If you already run NATS JetStream for messaging, NATS KV gives you a distributed key-value store with:
- Atomic operations via compare-and-swap (CAS)
- TTL support for automatic window expiry
- No extra infrastructure — it’s built into NATS
- Replication matching your NATS cluster topology
sequenceDiagram
participant C1 as Client A
participant R1 as API Replica 1
participant R2 as API Replica 2
participant KV as NATS KV
participant C2 as Client B
C1->>R1: POST /documents
C2->>R2: POST /documents
R1->>KV: Get(rate:upload:user1)
KV-->>R1: value=4, rev=7
R2->>KV: Get(rate:upload:user1)
KV-->>R2: value=4, rev=7
R1->>KV: Update(key, 5, rev=7)
KV-->>R1: OK, rev=8
R2->>KV: Update(key, 5, rev=7)
KV-->>R2: WrongLastRevision!
R2->>KV: Get(rate:upload:user1)
KV-->>R2: value=5, rev=8
R2->>KV: Update(key, 6, rev=8)
KV-->>R2: OK, rev=9
[NATS Key/Value Store]
— NATS Authors , 2024-03-20
Implementation
Rate Limit Key Strategy
The key encodes the user identity and time window:
rate:{policyName}:{userId}:{windowStart}
For authenticated users, use their user ID. For anonymous requests, hash the IP address to avoid storing raw IPs:
public static class RateLimitKeyGenerator
{
public static string Generate(
HttpContext context, string policyName, TimeSpan window)
{
var userId = context.User?.FindFirst("sub")?.Value;
var windowStart = DateTime.UtcNow.Ticks / window.Ticks;
if (!string.IsNullOrEmpty(userId))
return $"rate:{policyName}:{userId}:{windowStart}";
var ip = context.Connection.RemoteIpAddress;
var hash = ip?.GetHashCode().ToString("X8") ?? "unknown";
return $"rate:{policyName}:anon:{hash}:{windowStart}";
}
} Atomic Increment with CAS
The core operation: read the current count, increment it, and write back atomically. If another replica modified the value between read and write, the CAS fails and we retry:
public class NatsKvRateLimiter
{
private readonly INatsKVStore _store;
private readonly int _maxRetries = 3;
public async Task<RateLimitResult> CheckAsync(
string key, int limit, CancellationToken ct)
{
for (int attempt = 0; attempt < _maxRetries; attempt++)
{
try
{
var entry = await _store.GetEntryAsync<int>(key, ct);
if (entry.Value >= limit)
{
return RateLimitResult.Exceeded(
entry.Value, limit);
}
await _store.UpdateAsync(
key, entry.Value + 1, entry.Revision, ct);
return RateLimitResult.Allowed(
entry.Value + 1, limit);
}
catch (NatsKVKeyNotFoundException)
{
// First request in this window
try
{
await _store.CreateAsync(key, 1, ct);
return RateLimitResult.Allowed(1, limit);
}
catch (NatsKVCreateException)
{
continue; // Another replica created it first
}
}
catch (NatsKVWrongLastRevisionException)
{
continue; // CAS conflict, retry
}
}
// After max retries, allow the request (fail open)
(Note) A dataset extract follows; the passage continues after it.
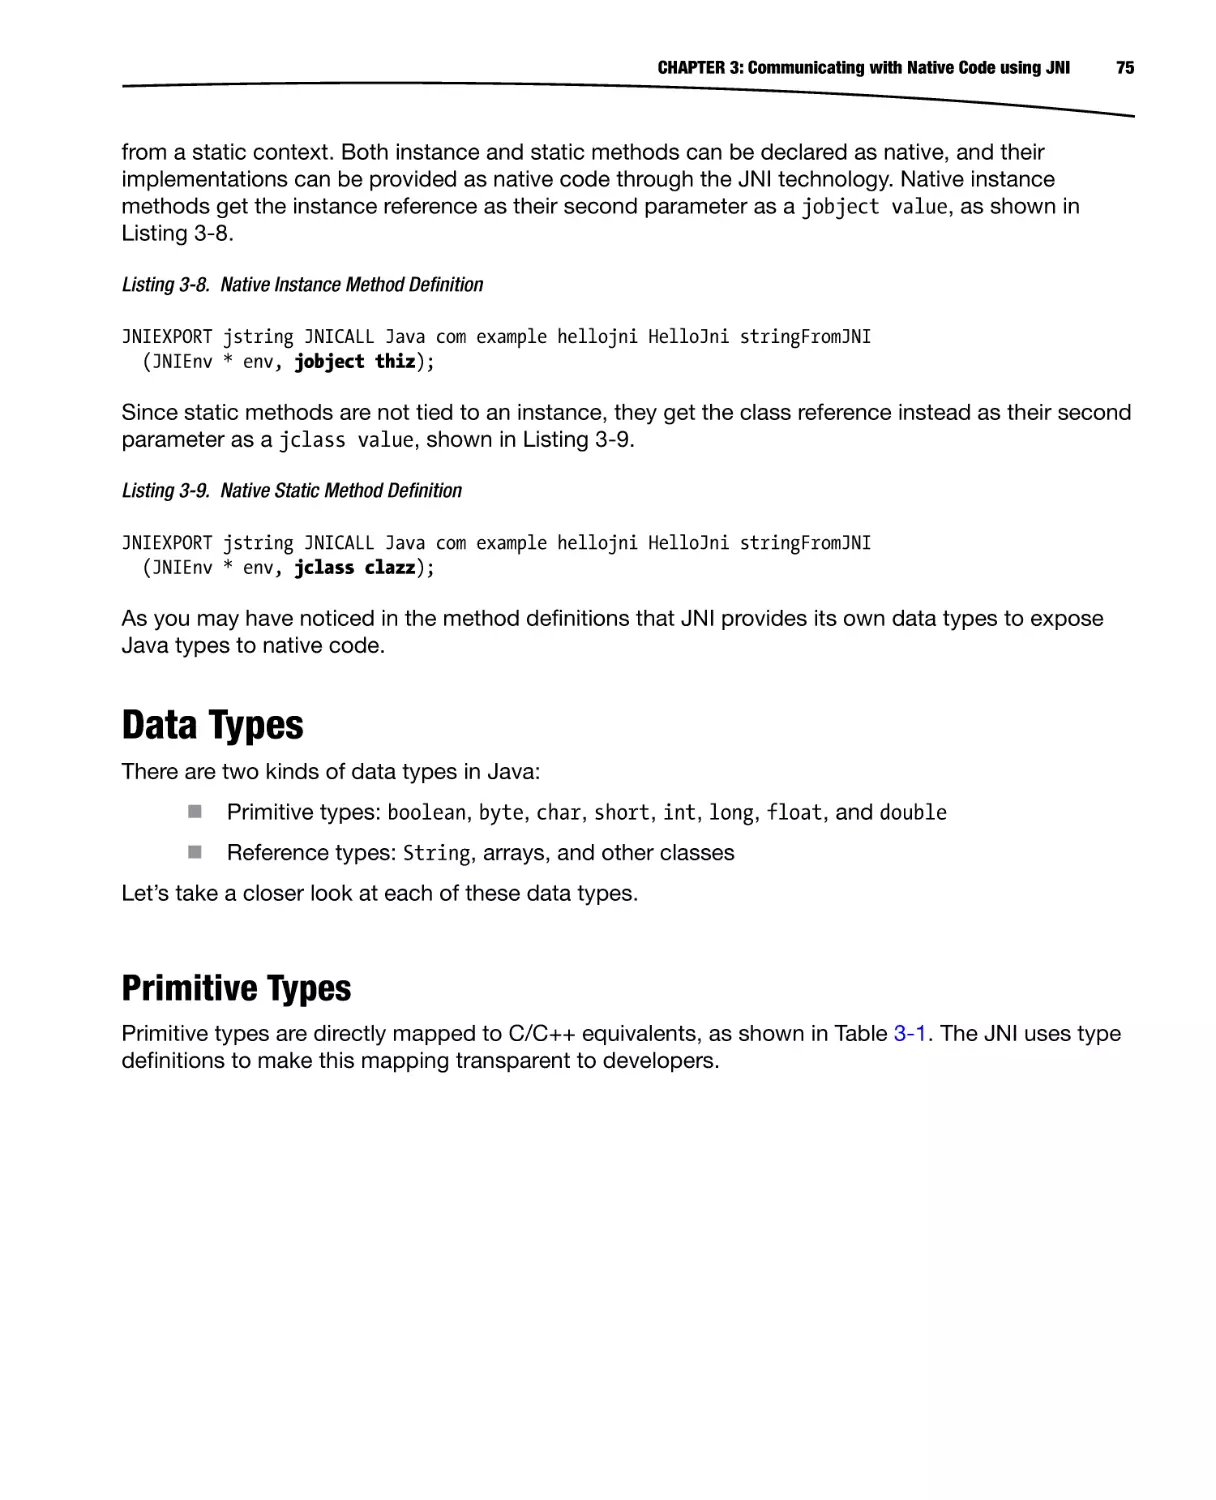 Data Types
Primitive Types

return RateLimitResult.Allowed(0, limit);
}
} ASP.NET Core Middleware Integration
Wire the rate limiter into the ASP.NET Core pipeline. The middleware runs after authentication so the user identity is available:
app.UseAuthentication();
app.UseAuthorization();
app.UseRateLimiter(); // Must be after auth
// Configuration
builder.Services.AddRateLimiter(options =>
{
options.AddPolicy("api", context =>
{
var key = RateLimitKeyGenerator.Generate(
context, "api", TimeSpan.FromMinutes(1));
return RateLimitPartition.GetFixedWindowLimiter(key,
_ => new FixedWindowRateLimiterOptions
{
PermitLimit = 100,
Window = TimeSpan.FromMinutes(1),
});
});
}); Bucket Configuration
var store = await kvContext.CreateStoreAsync(
new NatsKVConfig("rate-limits")
{
MaxAge = TimeSpan.FromMinutes(5), // Auto-expire old windows
Storage = NatsKVStorageType.Memory, // Speed over durability
Replicas = 3,
});
Using Memory storage instead of File trades durability for speed — rate limit counters don’t need to survive full cluster restarts.
Response Headers
Always include rate limit headers so clients can self-throttle:
context.Response.Headers["X-RateLimit-Limit"] = limit.ToString();
context.Response.Headers["X-RateLimit-Remaining"] =
Math.Max(0, limit - count).ToString();
context.Response.Headers["X-RateLimit-Reset"] =
windowEnd.ToUnixTimeSeconds().ToString();
[RateLimit Header Fields for HTTP]
— IETF HTTP API Working Group , 2024-05-01
Key Takeaways
- Local in-memory rate limiting is ineffective with multiple replicas
- NATS KV provides atomic counters with CAS — no extra infrastructure needed
- Use memory storage with short TTL for rate limit buckets
- Place middleware after authentication so user identity is available
- Prefer user ID over IP for rate limit keys when authenticated
- Fail open for most APIs, fail closed for security-critical endpoints
Looking back, the most valuable lesson from implementing distributed rate limiting was that the hardest part is not the algorithm — it is managing contention under real-world traffic patterns. CAS semantics work beautifully in theory, but you need to plan for the thundering herd scenario where many replicas compete for the same key simultaneously. The combination of exponential backoff, memory-backed storage, and a fail-open policy gave me a system that is both correct and performant under load.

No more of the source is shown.